Que Deus tenha assumido a nossa natureza humana no seio da Virgem Maria, que tenha
nascido como um bebê indefeso e tenha sido abraçado, acalentado e amamentado pelo
amor maternal de Maria, que tenha brincado aos seus pés, crescido e vivido anos a fio,
submetido à sua Mãe e que a pedido dela tenha feito seu primeiro sinal, nada disso,
pode deixar de nos admirar profundamente. E não bastasse esse papel central ao trazer
o Filho de Deus ao mundo, Maria acompanhou Jesus em seu ministério e era uma das
que estava ao pé da Cruz, unindo-se ao sacrifício de Cristo como nenhuma outra pessoa.
Depois, por fim, foi sob seu manto que os apóstolos se reuniram em oração e
aguardaram a vinda do Espírito Santo, impulso que os capacitou para iniciar o trabalho
de evangelização e que marca o nascimento da Igreja.

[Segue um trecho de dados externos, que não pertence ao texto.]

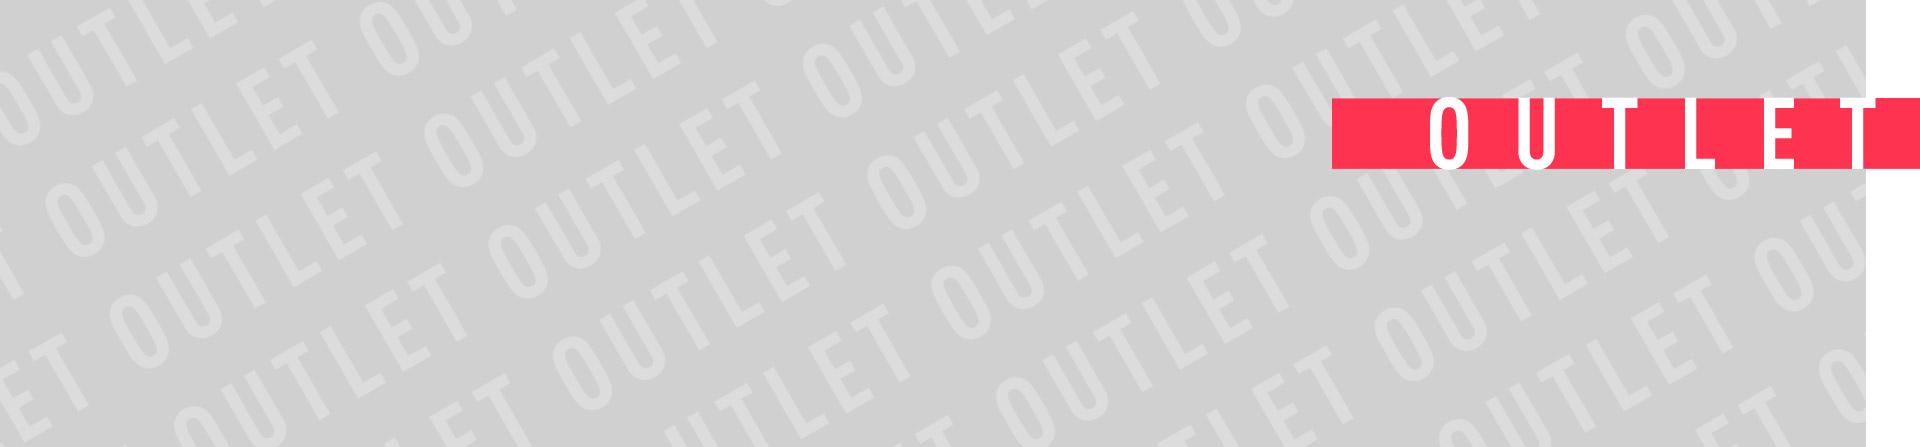 Outlet - Children

A Virgem Maria não é a figura central do cristianismo, nem da Igreja Católica. Este posto
é de Jesus Cristo, verdadeiro Deus e verdadeiro Homem, a quem devemos toda a honra
e toda a glória. Mas Maria é uma figura essencial.
Jesus poderia ter vindo ao mundo sem uma mãe, poderia ter aparecido adulto,
pregando no deserto e fazendo sinais milagrosos. Poderia ter inclusive morrido na cruz,
mas se tivesse feito assim, não seria um sacrifício de alguém do povo eleito oferecido
em nome do povo eleito. Também não teria cumprido as promessas e as alianças feitas
por Deus ao longo da história da salvação. Para que essas promessas fossem cumpridas,
Jesus precisava ser um descendente de Abraão e de Moisés, precisava ser da linhagem
de Davi. É pelo ‘sim’ da Virgem Maria que Jesus herda toda essa tradição. No entanto, o
papel de Maria é maior do que simplesmente inserir Cristo em sua linhagem familiar.
Foi por meio de Maria e apenas com seu consentimento que Deus realizou sua obra mais
portentosa até aquele momento: a encarnação do Verbo de Deus.
Infelizmente hoje vemos uma forte divisão entre os cristãos no que diz respeito à pessoa
de Maria. Os católicos não poupam esforços em louvar à Santíssima Virgem Maria,
confiando em sua intercessão. No entanto, muitos cristãos não católicos não apenas
ignoram, mas rejeitam com veemência qualquer afeto ou consideração à Maria
Santíssima, pois consideram uma inversão ao amor que devemos unicamente a Deus.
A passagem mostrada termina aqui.